Бреда маму называет на «вы», хотя мама ей уже много раз говорила, что в этом нет необходимости. Но Бреда упирается. Когда мамы рядом нет, она говорит папе «Марьян» и называет его на «ты». Это бывает очень редко.
– Если весна будет хорошая, летом тоже будет отличная погода, – замечает папа. – И твой новый парень пусть с нами едет. У вас будет отдельная комната на чердаке.
– Да-а-а-а-а-а, – воодушевлённо тянет Игорь, хотя, скорее всего, он понятия не имеет, почему воодушевился.
Обед наконец подходит к концу.
Я помогаю убрать тарелки со стола. Хочу скорее назад к себе.
– У тебя ещё йога сегодня, – говорит папа, складывая посуду в посудомоечную машину.
– Не пойду, – говорю я. Папа понимающе кивает.
Бреда уже оделась. Уходит.
– Всем до свидания, – говорит она громко, чтобы все слышали, включая маму и Игоря в зале. – Теперь я приду только во вторник. Счастливо!
– У тебя денег достаточно? – спрашивает папа. – Если нужно, я тебе заплачу вперёд.
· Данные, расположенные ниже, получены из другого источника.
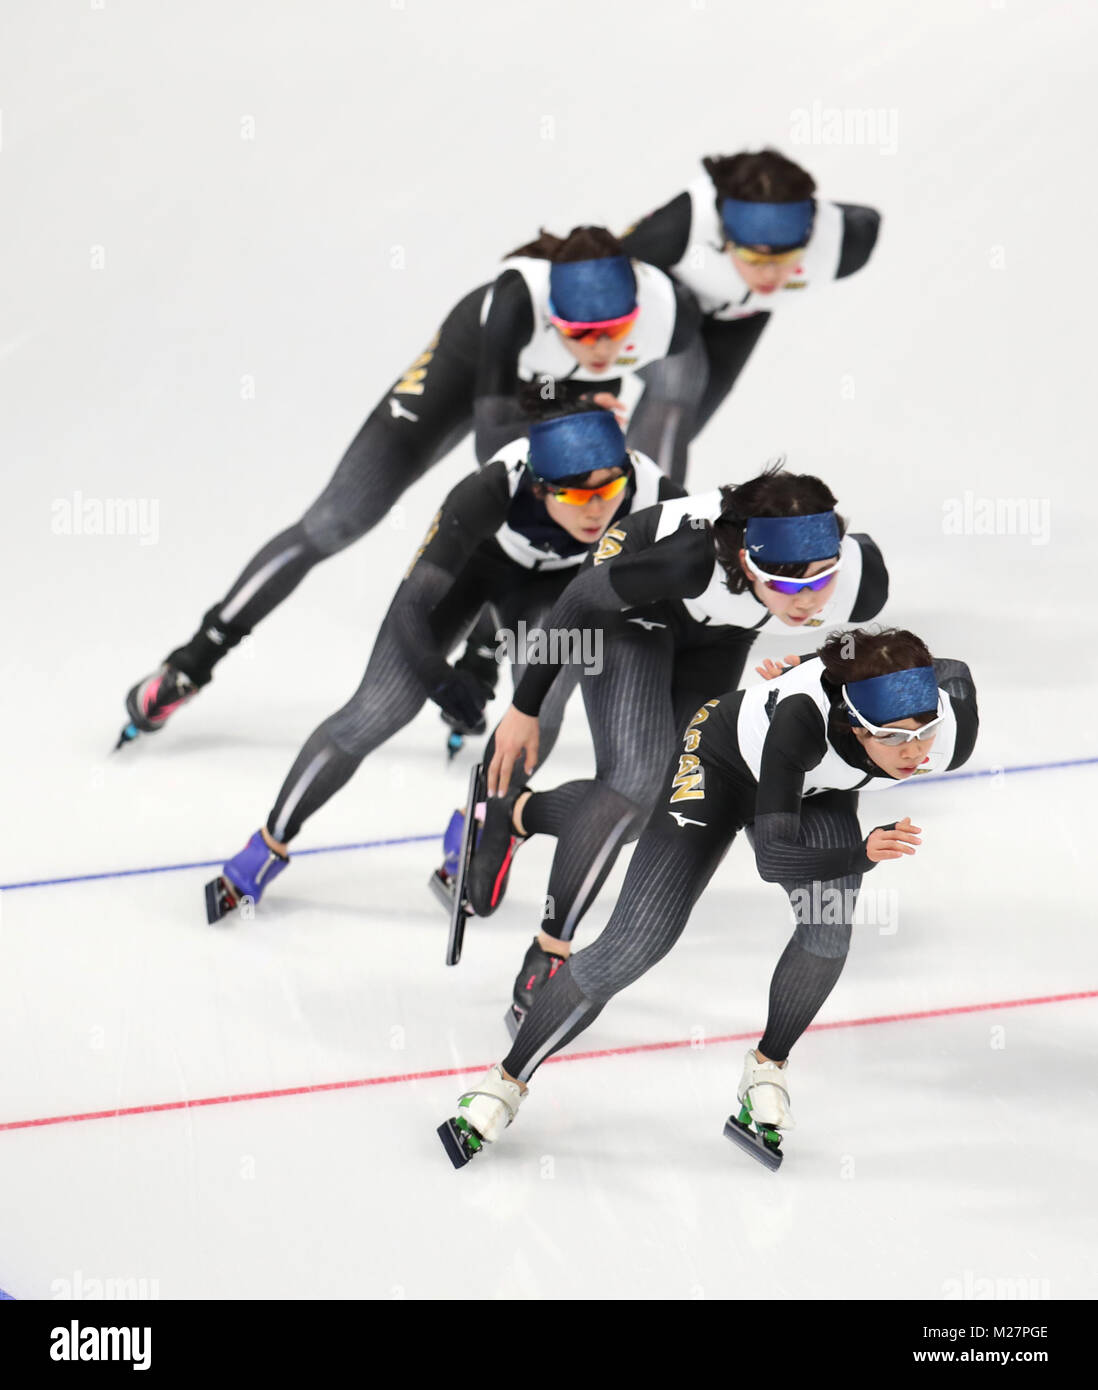 Les membres de l'équipe japonaise de patinage de vitesse s'entraînent lors d'une journée de prévisualisation à l'ovale Gangneung avant les Jeux Olympiques d'hiver de PyeongChang en Corée du Sud en 2018. APPUYEZ SUR ASSOCIATION photo. Date de la photo: Mardi 6 février 2018. Voir l'histoire de PA JEUX OLYMPIQUES d'hiver. Le crédit photo devrait se lire comme suit : Mike Egerton/PA Wire. Banque D'Images

– Не, ты и так уже дал слишком много, – улыбается Бреда. Потом поворачивается ко мне: – Проводишь меня?
Я провожаю её до двери.
У двери мы останавливаемся. Бреда мнётся. Хочет мне что-то сказать, но не знает как.
Я спрашиваю её:
– У тебя новый парень?
Кивает:
– Да. Ну, так, ничего серьёзного. Наверное. Не знаю.
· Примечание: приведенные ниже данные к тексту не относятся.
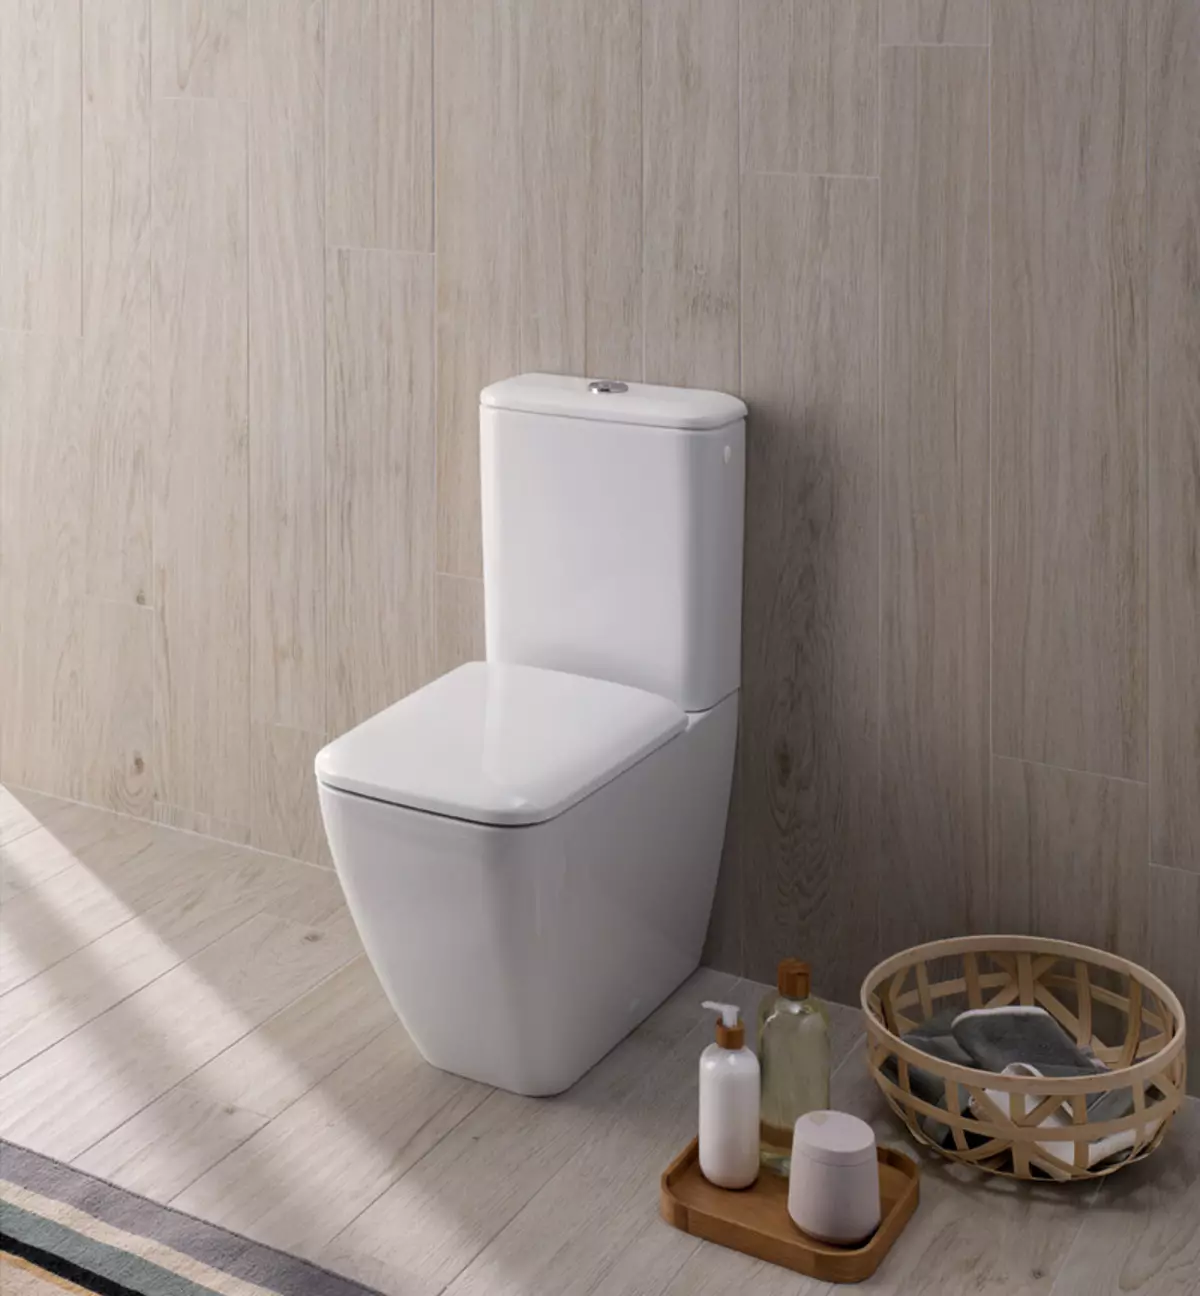 बेकार फ्लाएट्स शौचालय: रिमले रिम भन्दा कुन मोडेलहरू राम्रो छ? एक ट्या tank ्कीको साथ र यसको बिना शौचालयको कचौरा छनौट गर्दै, पोर्सिलेन वा डरबाट। रेटि बस्न 10533_22

– У меня никогда не будет никакого парня, – решительно говорю я.
Она гладит меня по голове с улыбкой:
– Будет, будет. Парней иногда сложно понять, но всё равно с ними лучше.
Не понимаю. Поэтому ничего не говорю. Даже головой не делаю никаких движений ни в том, ни в этом смысле.
Потом Бреда смотрит мне в глаза.
– Если тебе понадобится… Ну, если захочешь поговорить… Когда захочешь. Мы подруги.
Я опять не реагирую.
Бреда уходит. Я запираю за ней дверь. Потом смотрю на экран камеры слежения, которая висит над дверью. С высоты птичьего полёта вижу чёрно-белое изображение асфальта перед входом. На изображении появляется Бреда. Она закрывает за собой ворота. Бреда смотрит на чёрный глаз камеры над дверью. Бреда улыбается и машет мне. Бреда уходит.
Остаётся только серый асфальт. С высоты птичьего полёта.
Уроды, придурки, недержание мочи и всё такое
– Ты себя плохо чувствуешь? – спрашивает папа, столкнувшись со мной на лестнице.
– Нет, отлично, – отвечаю я и пытаюсь пройти мимо него наверх, к себе в комнату.
– А чего на йогу не идёшь?
– Не пойду больше на йогу, – решительно отвечаю я.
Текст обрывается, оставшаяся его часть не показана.